D ad’s cottage woke up slow—coffee first, then gulls arguing across the street, then the neighbor’s radio trying again and failing to settle on a station.

I lay there listening to the palmetto fronds scrap the screen and tried to pretend my body wasn’t a live wire stretched taut from Charleston to here.

The oak outside made a small, old-house shadow on the wall.

I watched it jump as a squirrel leapt branch to branch.

It was a relief to care about gravity instead of a man. Brief, fragile relief.

I slipped out of bed and jogged the three blocks to the beach before Dad’s kettle boiled.

Morning on Anastasia Island had its own church service—pelicans low and deliberate, sandpipers stitching the edge of water to land, runners with salt already drying white on their shirts.

The surf made that hush-hush sound like someone kindly shushing a nervous system.

It was like Charleston, yet different. I loved both places.

Halfway down the strand, I clocked two men walking where the sand was firm.

Not unusual. Except their shoes were wrong—city soles that slid over coquina like they weren’t built for it.

One pretended to be on his phone. The other scanned, not leering, not friendly.

The air prickled up the back of my neck the way it did when a labor room changed—when something invisible shifted its weight.

I told myself I was jumpy. I was a woman alone at dawn. Jumpiness was a survival skill.

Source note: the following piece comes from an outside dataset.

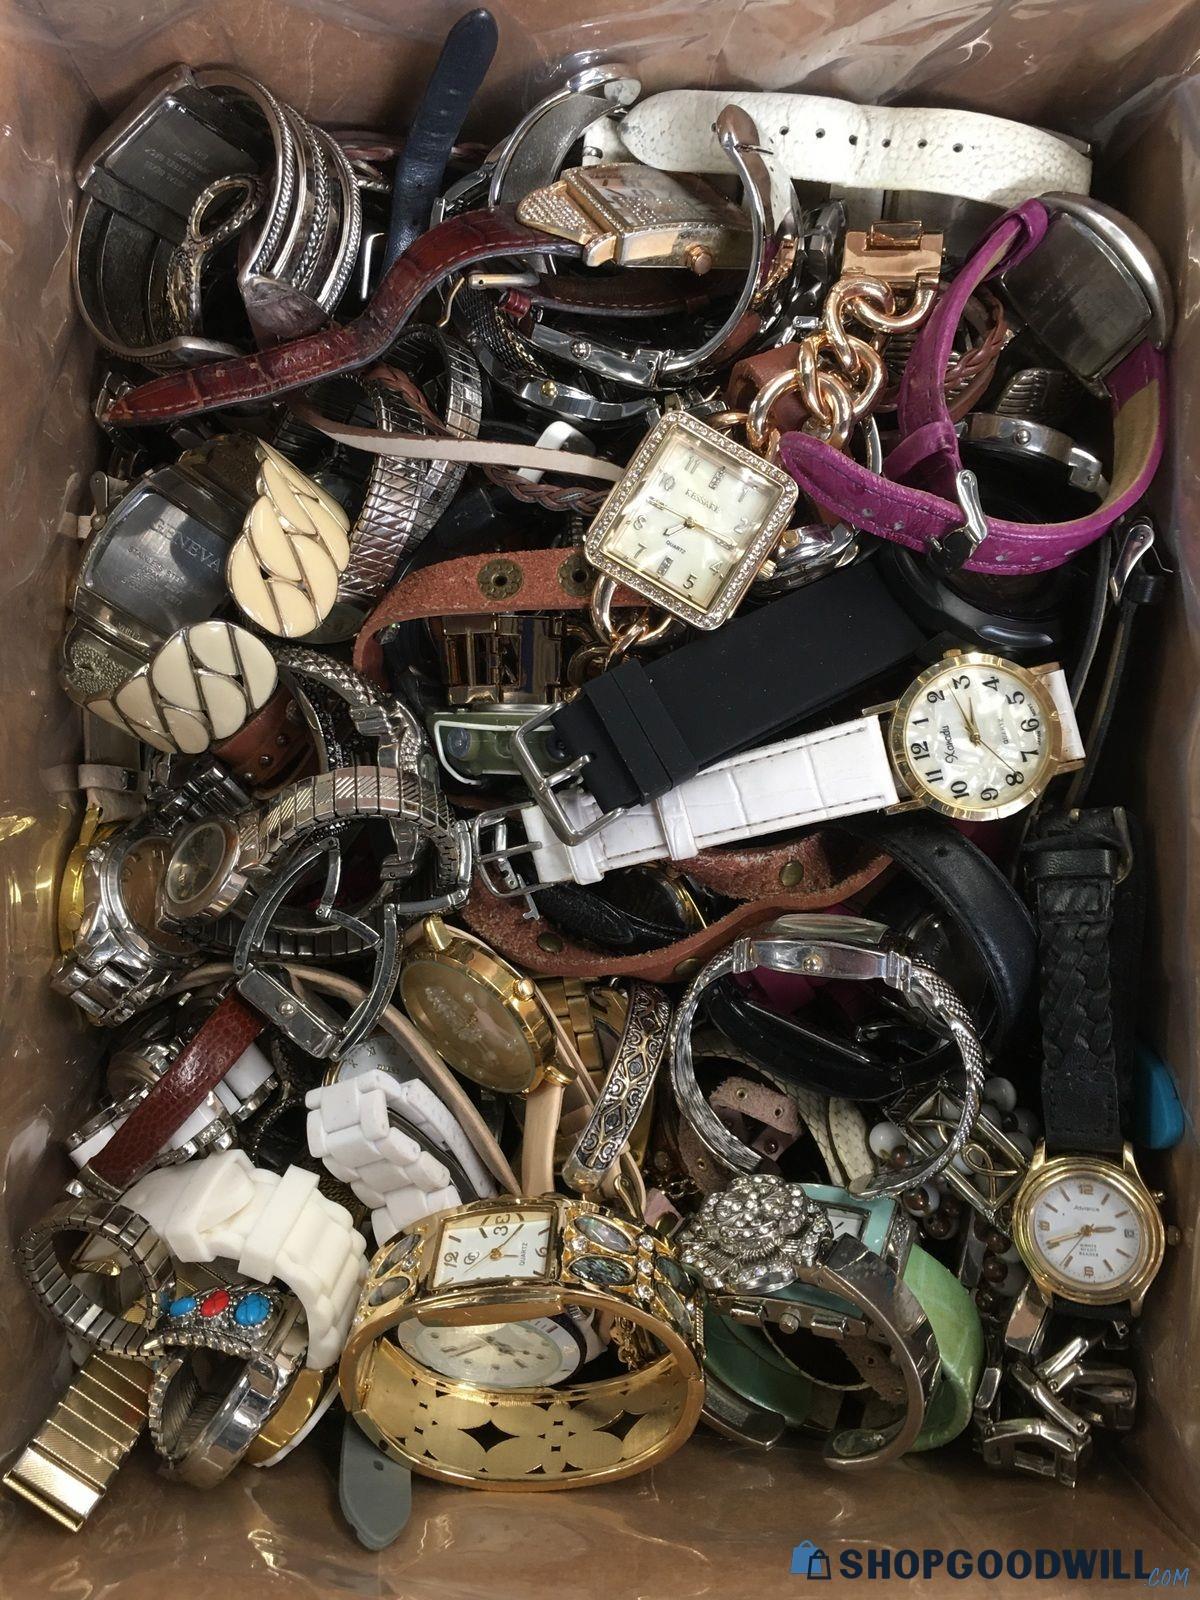 17 Lbs Of New To Vintage Watches Resale Grabbag | ShopGoodwill.com

When I turned around, so did they.

I veered toward the pier where other bodies clustered—fishermen with five-gallon buckets, a kid trying to make his skimboard behave, an old man in a straw hat untangling line.

I pretended to stretch by a trash can and got my breath back while my heart raced ahead without me.

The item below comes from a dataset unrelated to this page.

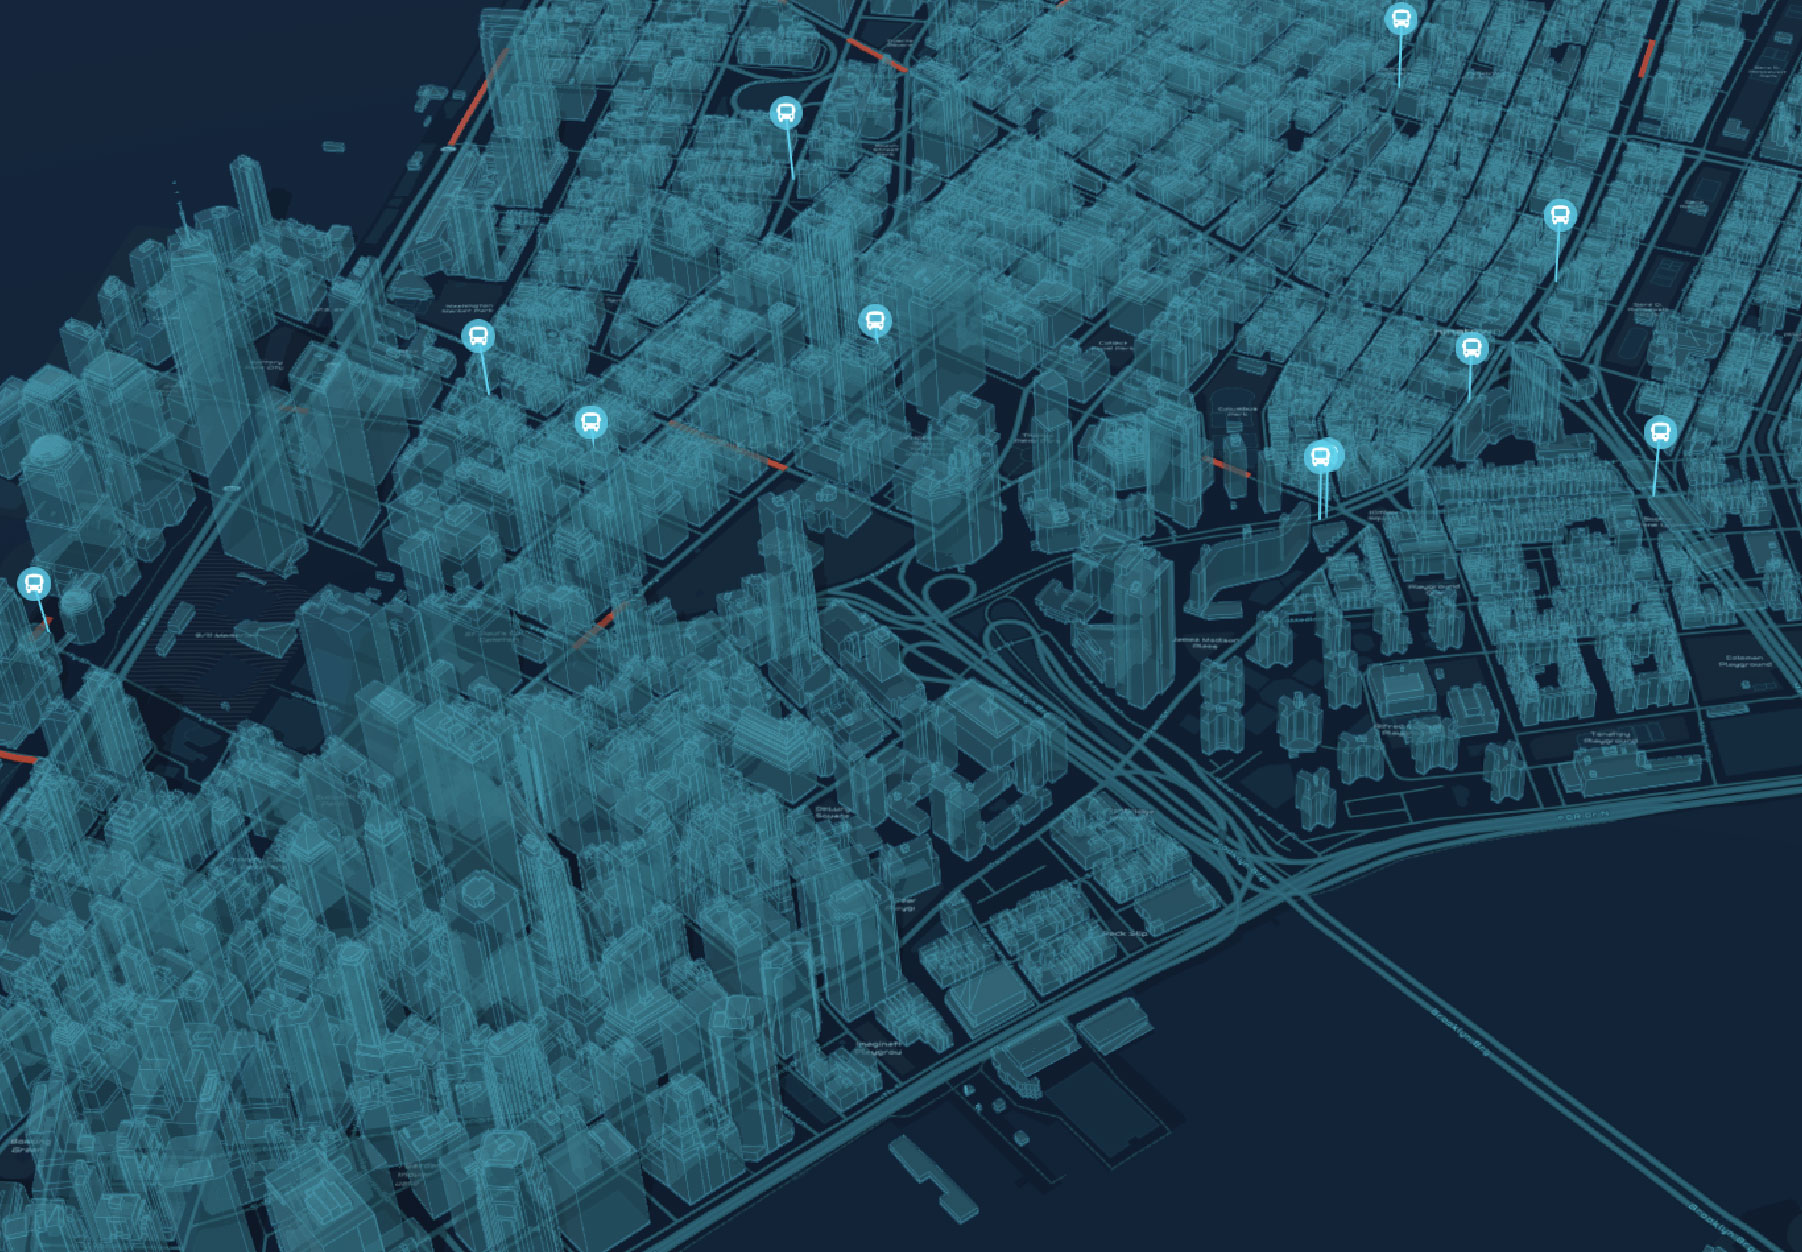 A 3D digital model of lower Manhattan, New York, with blue marker icons pinpointing city bus locations

The men kept going, past me, not even looking.

I laughed at myself, and the laugh sounded like a hiccup.

What, was I going to be paranoid now?

Back at the cottage, Dad had coffee in a thermos and two paper bags on the counter.

“Ham biscuits from the corner place,” he said, as if he were reporting vital news. “They were out of hot sauce packets, so I committed to a bottle.”

“You’re a hero,” I said, and kissed his cheek.

We ate on the steps with our feet on the sand-streaked bricks. Grandpa called to say he’d found grapefruit “the size of righteous hearts” and would be over in an hour to force us into a historical trolley tour. Dad said, “We’ll pretend to resist.” I agreed to be kidnapped.

Normal. Good.

I showered, pulled on cutoff shorts, a white tee, sandals. When I came back through the front room, a small rectangle of white had been pushed under the door. Junk mail, I thought, reaching for it.

It wasn’t.

No return address. No stamp. Just my name in block letters.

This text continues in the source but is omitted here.